Keras is a library of machine learning frameworks created by a top notch Google AI researcher. I had the good fortune of meeting the creator of Keras this weekend, Francois Chollet. He described Keras as the key to “democratizing AI.” He said that “deep learning is mature but it’s not yet widely disseminated…You don’t have to be an AI researcher to use Keras.” Instead, you can just start playing around with all kinds of state of the art algorithms right away.
If you’ve already got a Mac or Linux rig with a good Nvidia graphics card you’re good to go. If you don’t, considering picking up an Alienware. I recommend the mid-range Aurora series. You don’t need a kick-ass processor. You need an SSD, a secondary spinning disk to dump data to, 16–64GB of memory and the best Nvidia card(s) you can afford. Focus all your cash on the cards, as they really accelerate deep learning. You’ll need to reformat it with Linux and get the latest binary drivers. Unfortunately, the open source ones won’t cut it for the latest chipsets. They’ll likely boot to a black screen. Fix that like this.
Now you’re ready to get started. Here’s a super-simple example for getting started with Keras.
You are going to need an approach to the competition. Once again, I’m going to save you some time.
The most effective method of tagging and studying images at the moment is known as a convolutional neural net (CNN). Google, Facebook, Pinterest, and Amazon all use them for image processing and tagging. You might as well start with the best-practice, right?
In fact, if you head over the competition itself, get the data set, and check out the tutorial, you’ll see that it walks you through slicing and dicing the images and using a CNN with Keras and TensorFlow backend. Voila!
Frankly, you could do a lot worse than just implementing the tutorial and messing around with the parameters for a few weeks to see what you get.
After that get crazy. Throw different parameters and algorithms at it. Experiment and have fun. Maybe you’ll stumble across something the experts missed!
If you’re ready to try something more advanced after that, there are some great posts on the Kaggle Data Science Bowl 2017 board. Turns out data scientists are not above sharing some of their secret sauce. Check out this one, which helps you start exploring the data, which is a series of anonymized CT scans.
This one is more advanced and currently the most popular post on the board for good reason. It helps you do “pre-processing,” which is basically scrubbing and massaging the data to make it easier for neural nets to deal with more fluidly. It actually turns the 2D images into 3D images! Super cool!

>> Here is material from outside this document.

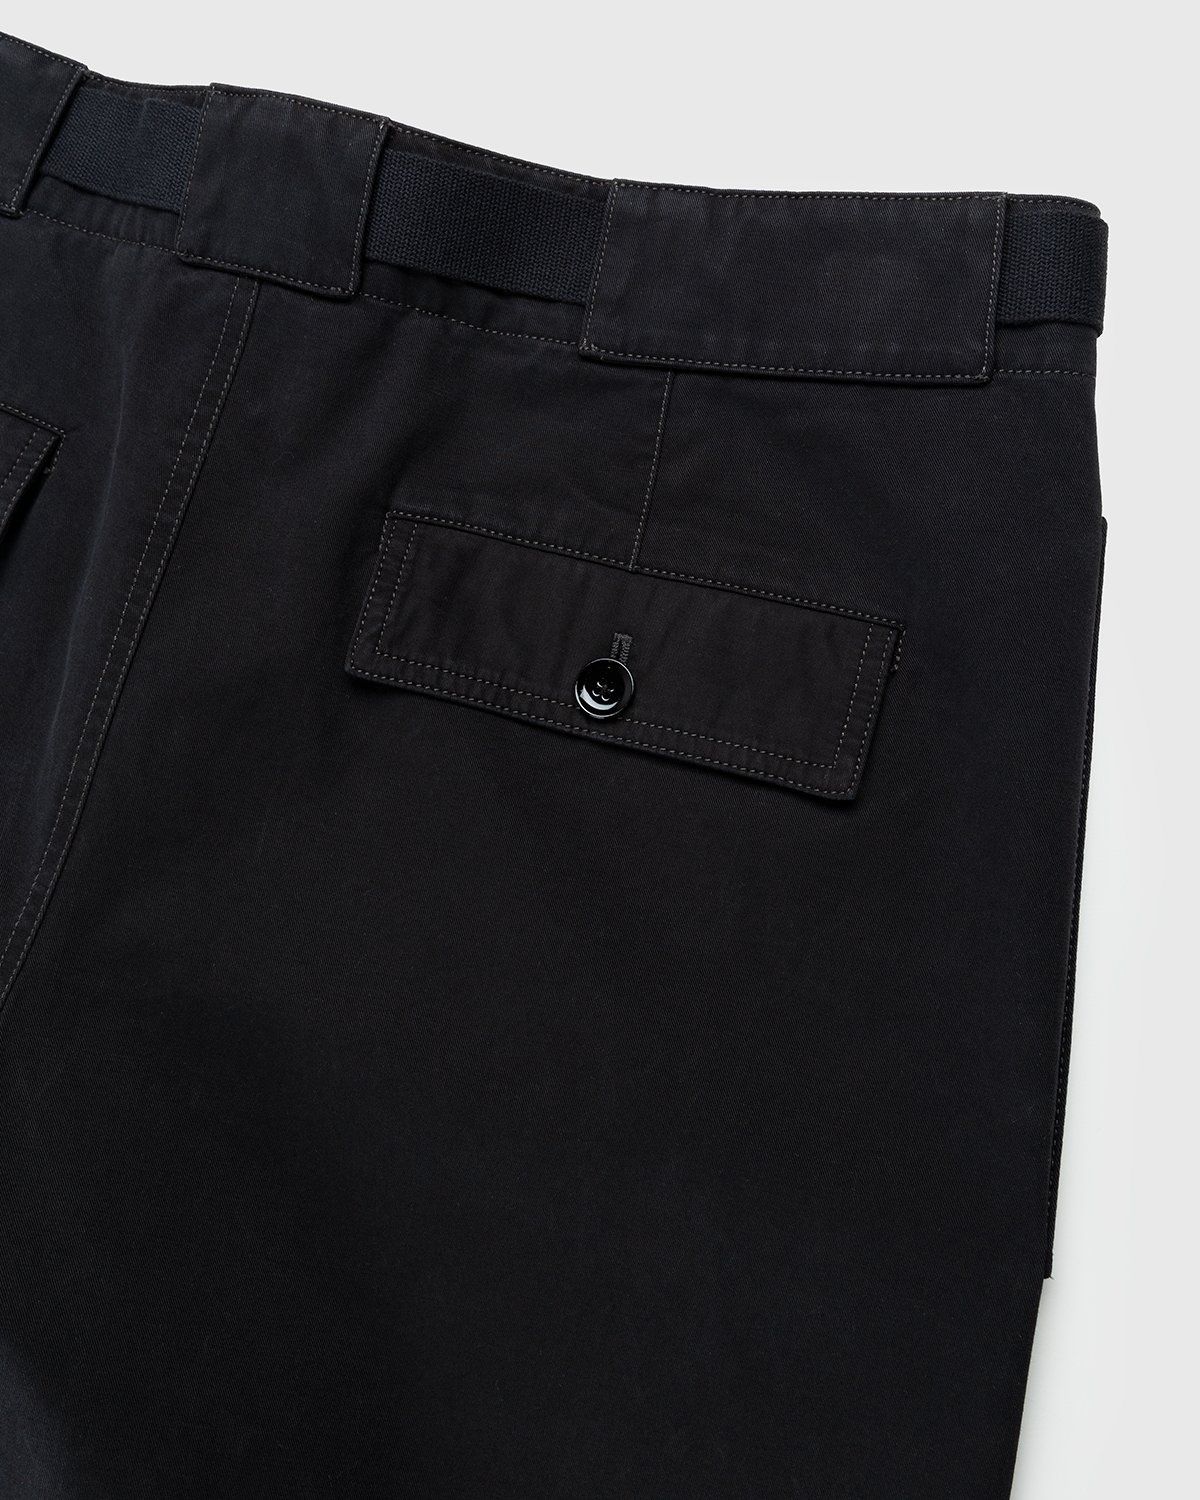 Lemaire – Utility Pants Black - Image 3
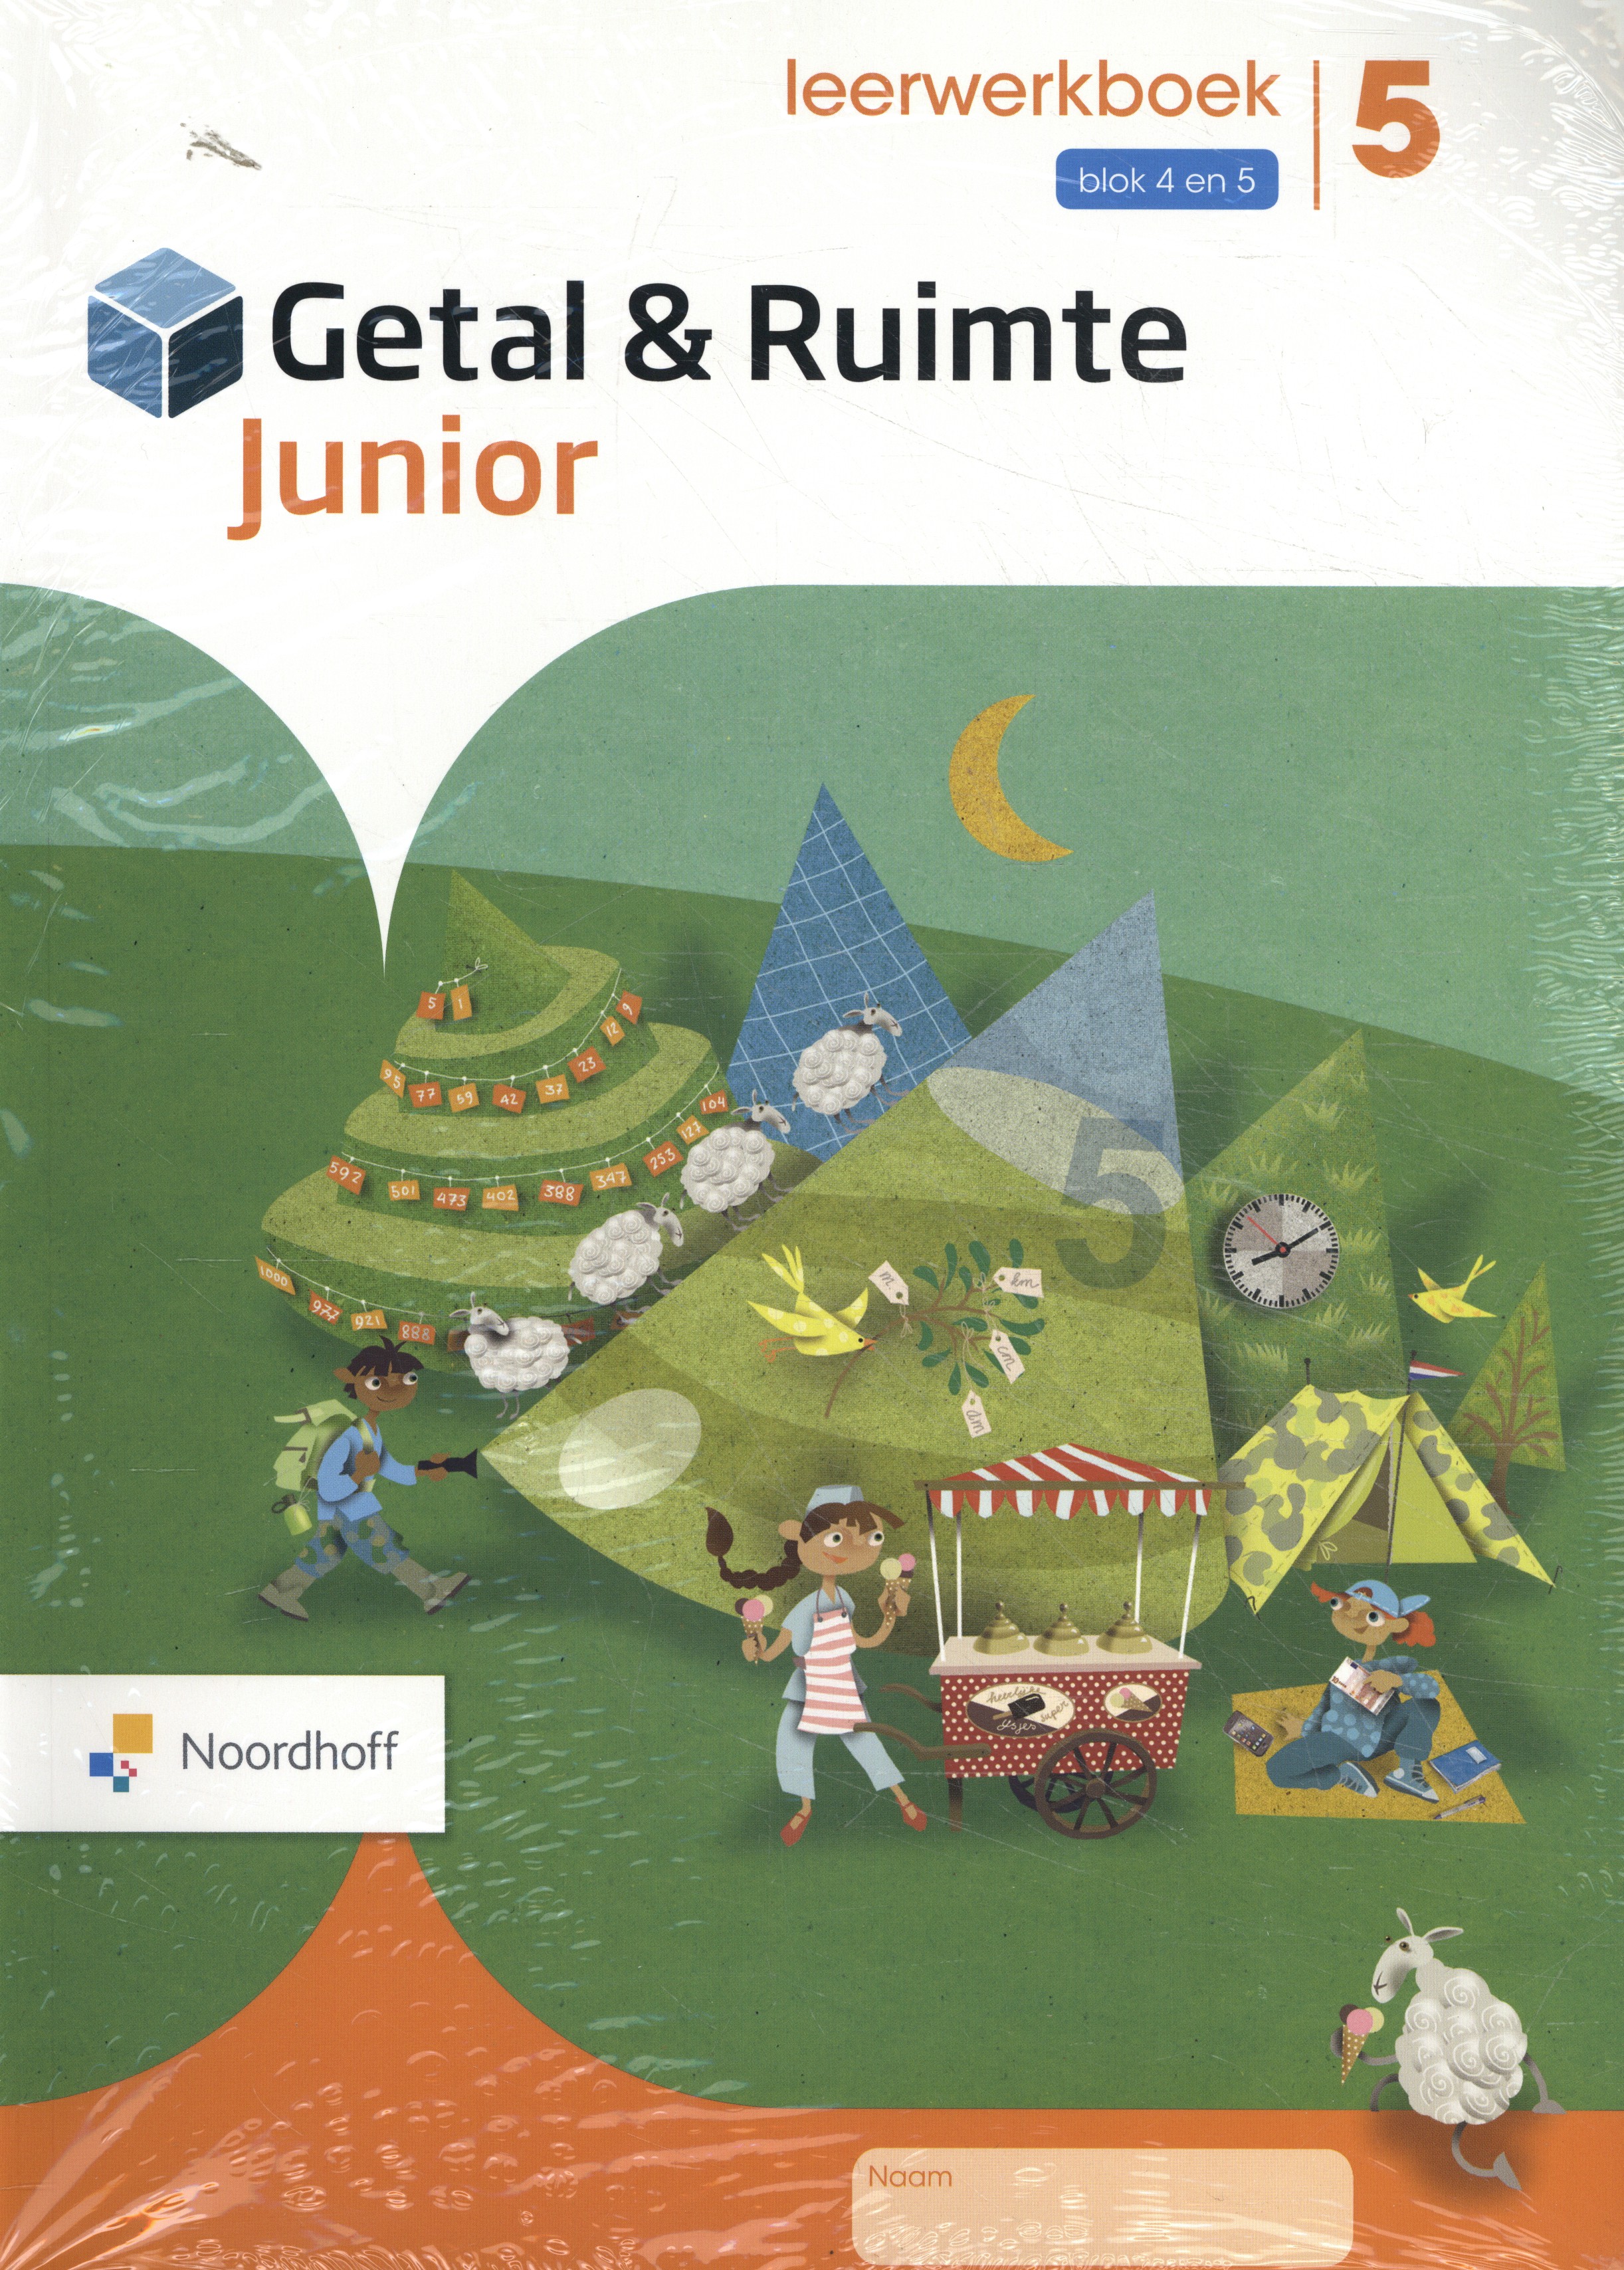 Getal & Ruimte Junior leerwerkboek groep 5 blok 4 en 5_set a 5

Frankly, if you type out all this code yourself and get it running, you’re already kicking serious ass. This approach to programming is called “the hard way,” i.e., just type in the code without thinking about it until you understand it. There is even a series of books on Python and other languages that take this approach to learning, and it may work for you.
One warning: Someone posted a perfect score in the competition already. He did it in a clever way, by studying the leaderboards and effectively doubling his training set size. It’s perfectly legal, but it won’t really help your goal, which is to learn about how to run neural nets against a training set for a good cause. I’d skip this approach for now, and focus on running Keras against the CT scans.
That’s it! With any luck, you’ll help redefine cancer research and take home some cash too. Not a bad day’s work.
But even if you don’t win, you’ll be well on your way to learning how to use AI in the real world.
Whatever happens, remember to have fun!